> WHAT IS EXPECTED: An exact, complete printout of the listing is wanted, minus its images.

> COLLECTED DATA:
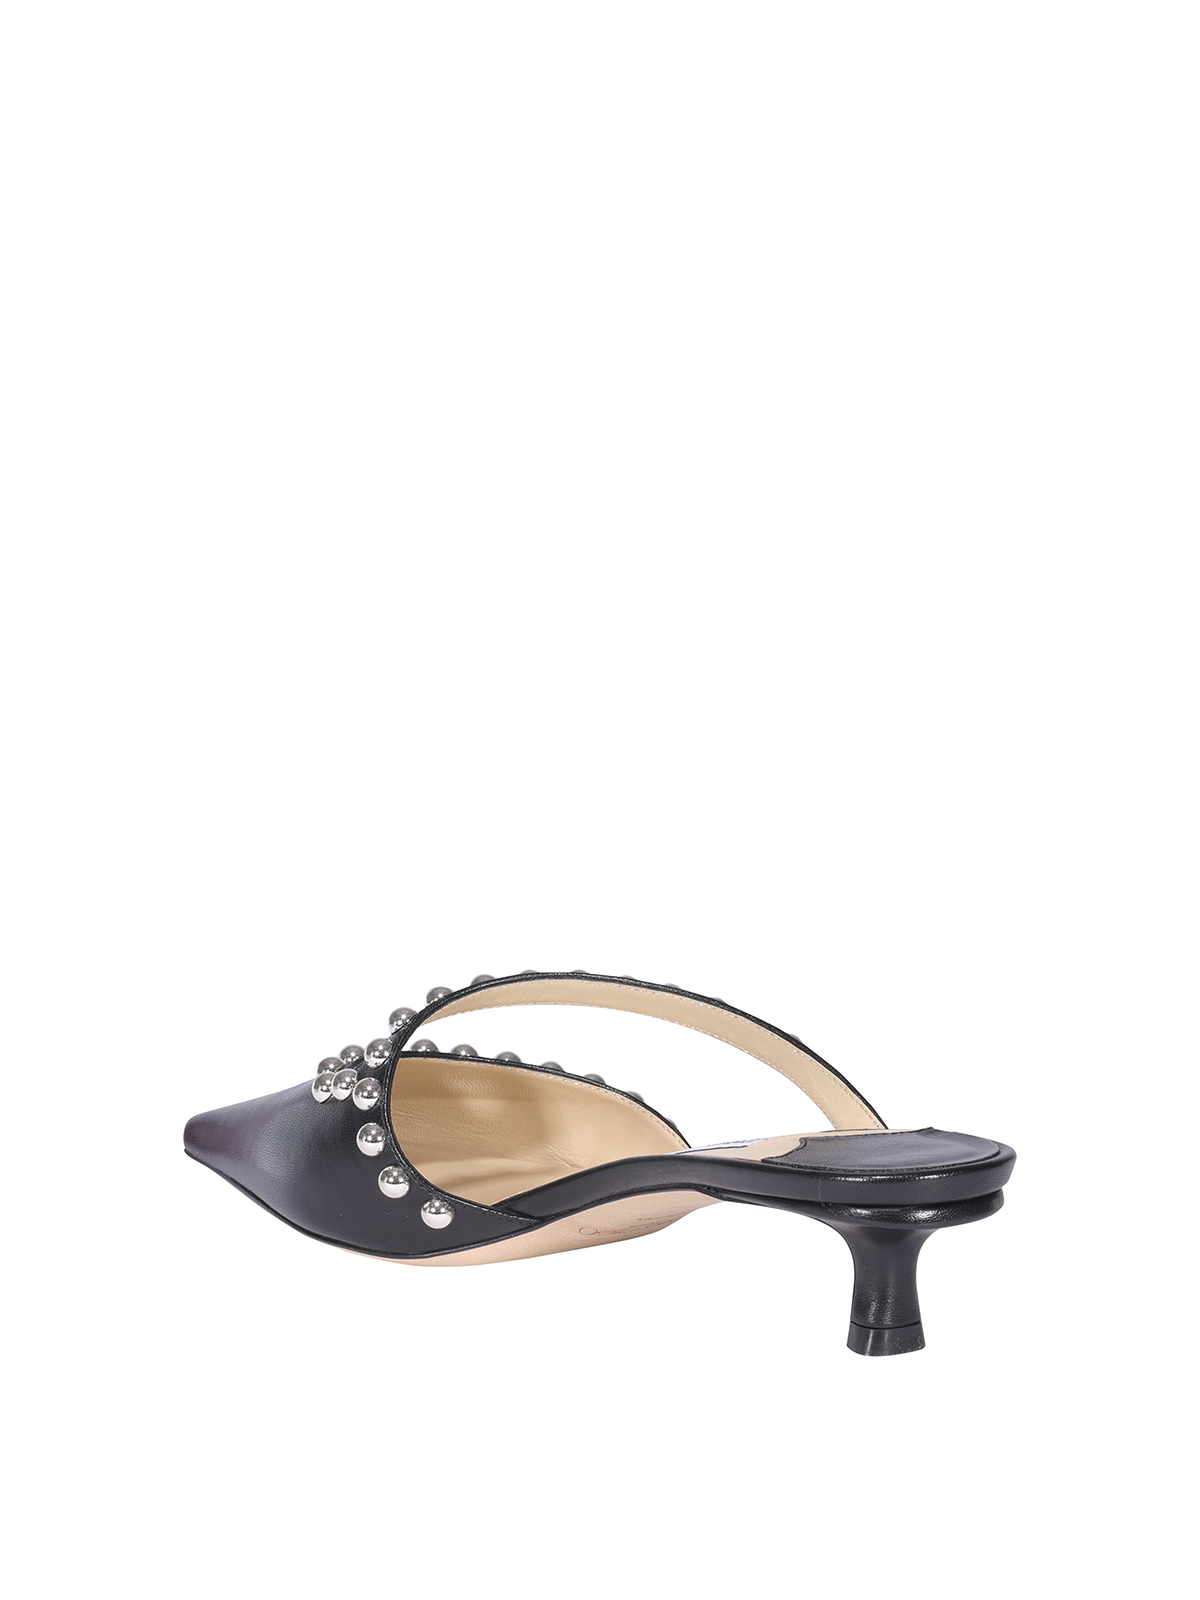 Mules shoes Jimmy Choo - Ros 35 mules - ROS35ZMZBLACKSILVER 
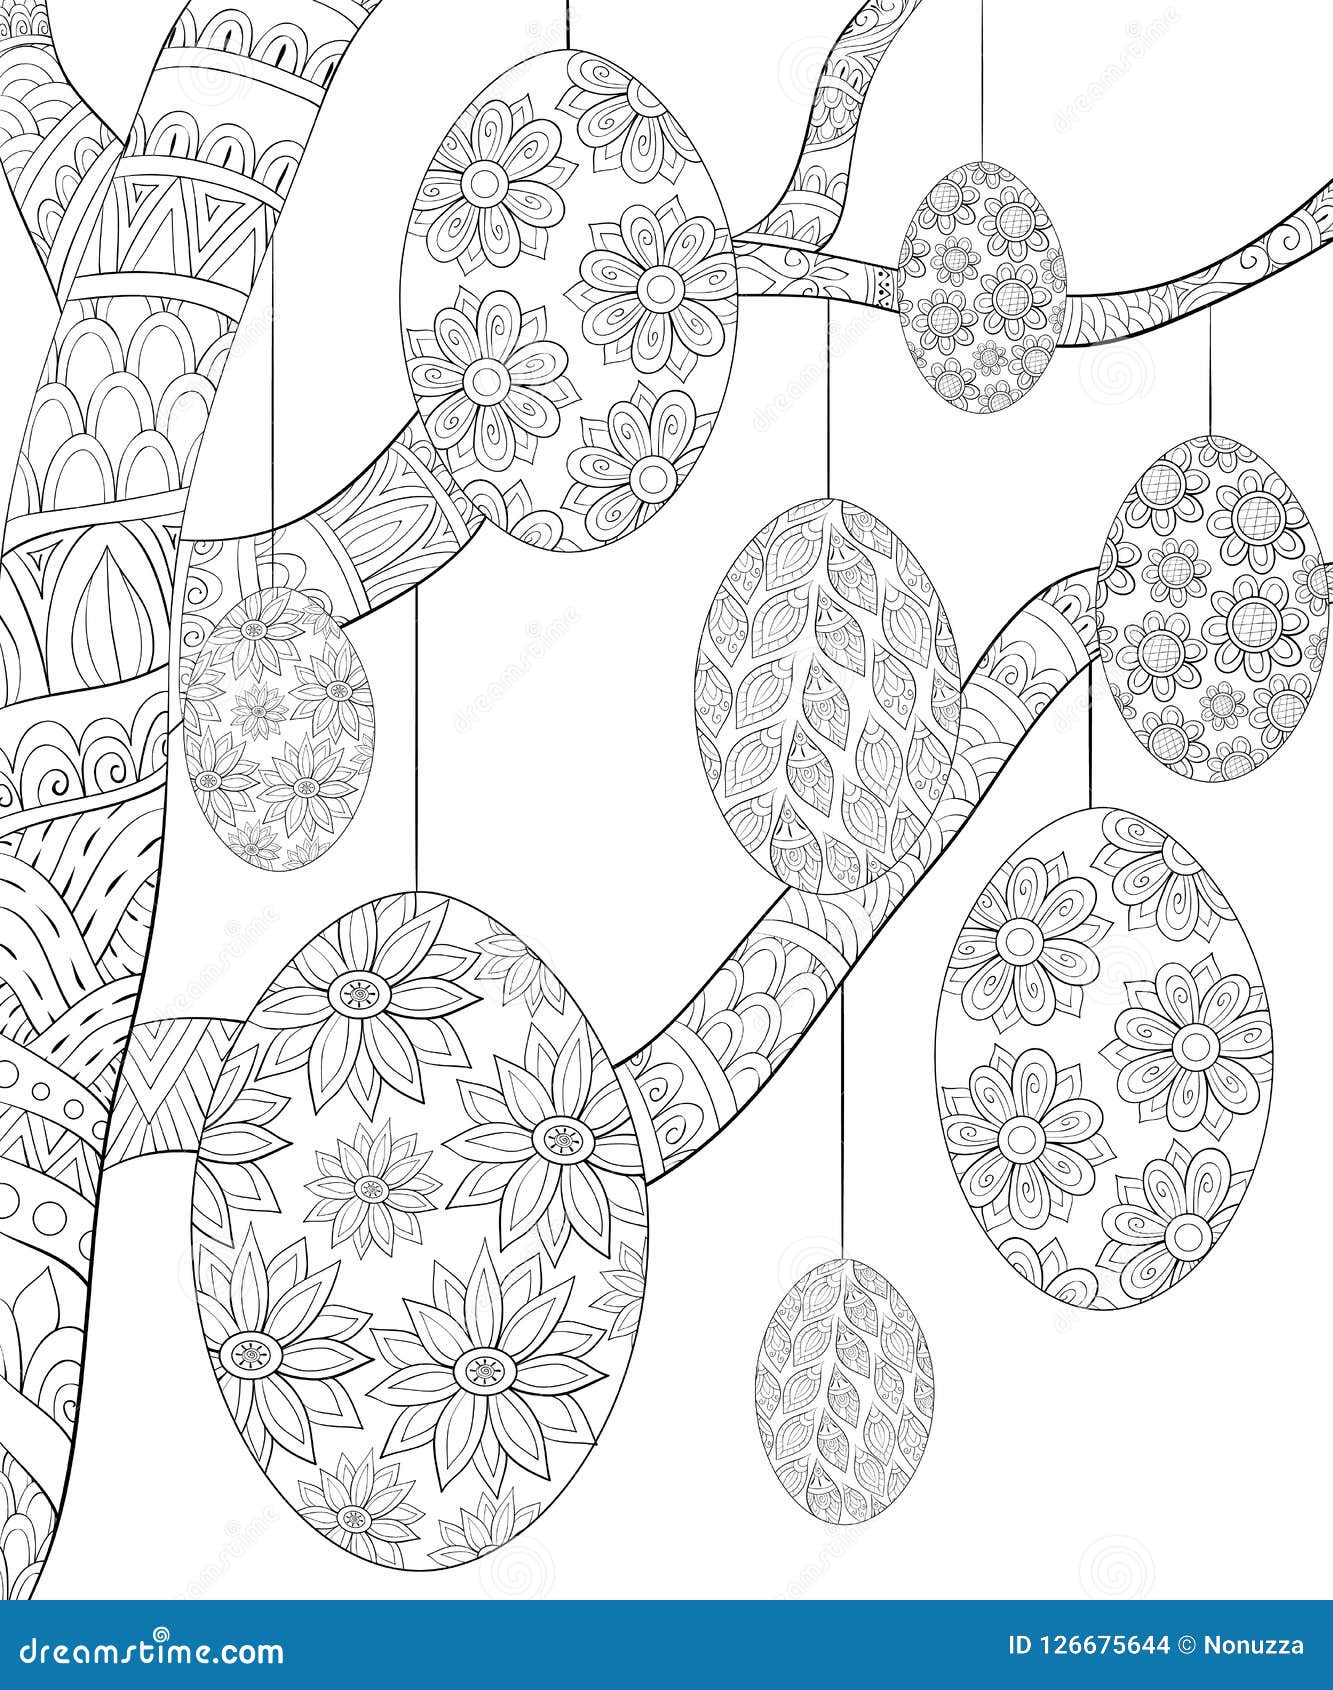 Adult coloring bookpage a tree full of easter eggs for relaxingzen art style illustration stock vector
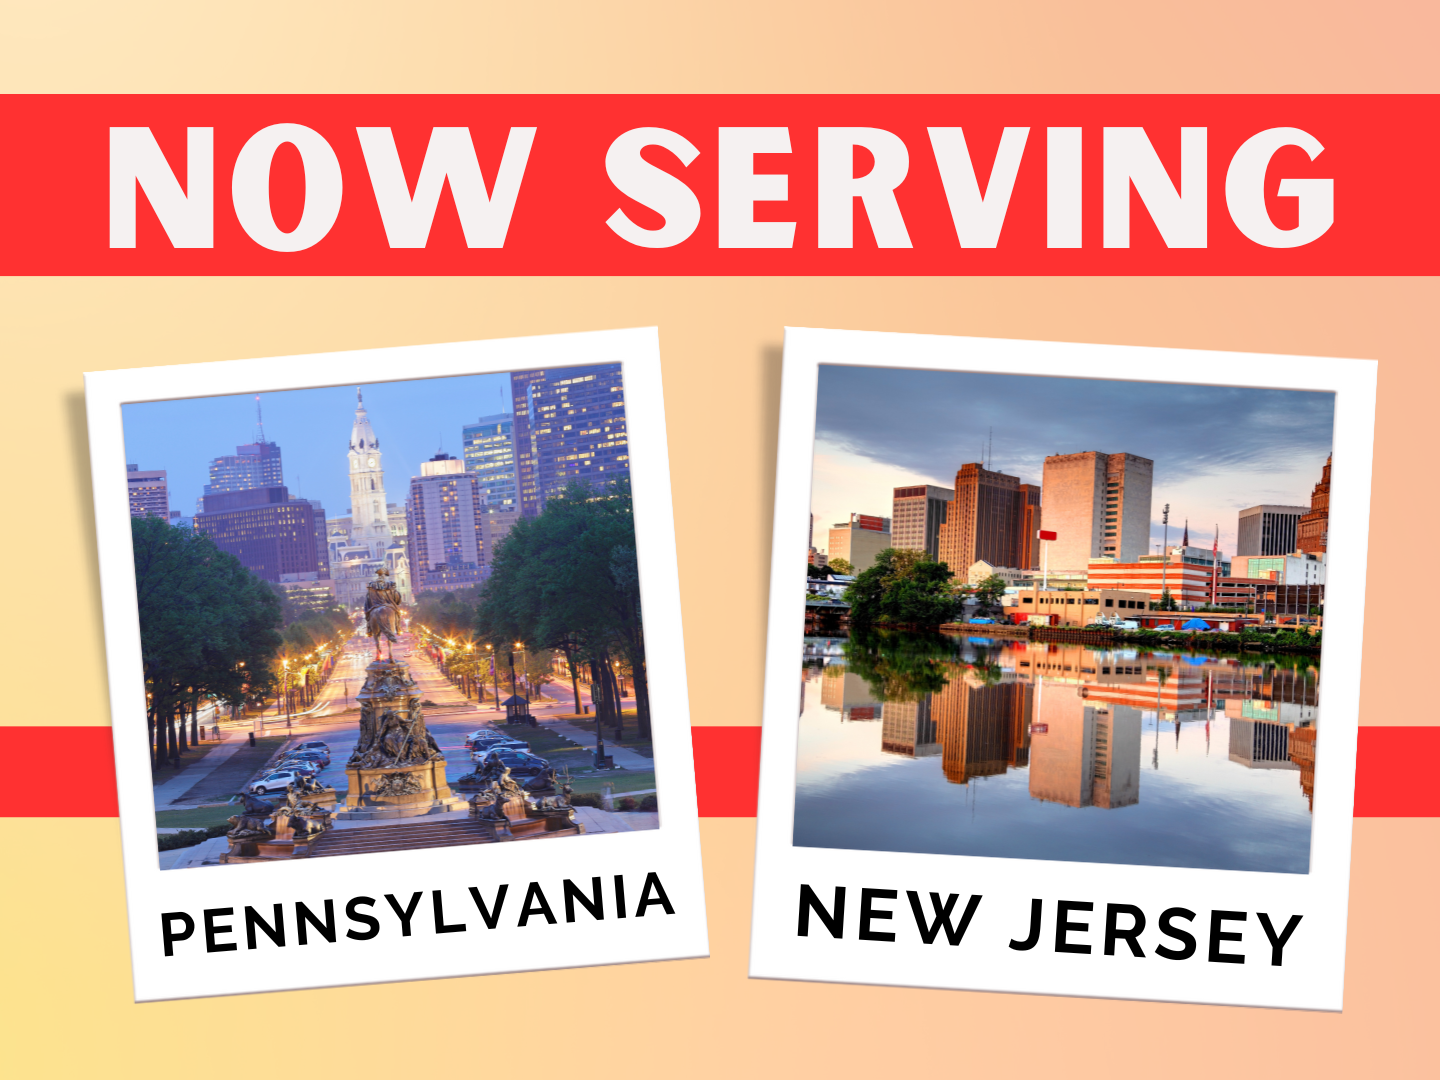 Exciting news! John Servider State Farm is expanding our services to residents in Pennsylvania and New Jersey, catering to all your insurance needs. Whether you're in Pennsylvania or New Jersey, you can now reach out via phone or visit our website for a complimentary quote.

> ANSWER TO THIS EXERCISE:
 Mules shoes Jimmy Choo - Ros 35 mules - ROS35ZMZBLACKSILVER 
 Adult coloring bookpage a tree full of easter eggs for relaxingzen art style illustration stock vector
 Exciting news! John Servider State Farm is expanding our services to residents in Pennsylvania and New Jersey, catering to all your insurance needs. Whether you're in Pennsylvania or New Jersey, you can now reach out via phone or visit our website for a complimentary quote.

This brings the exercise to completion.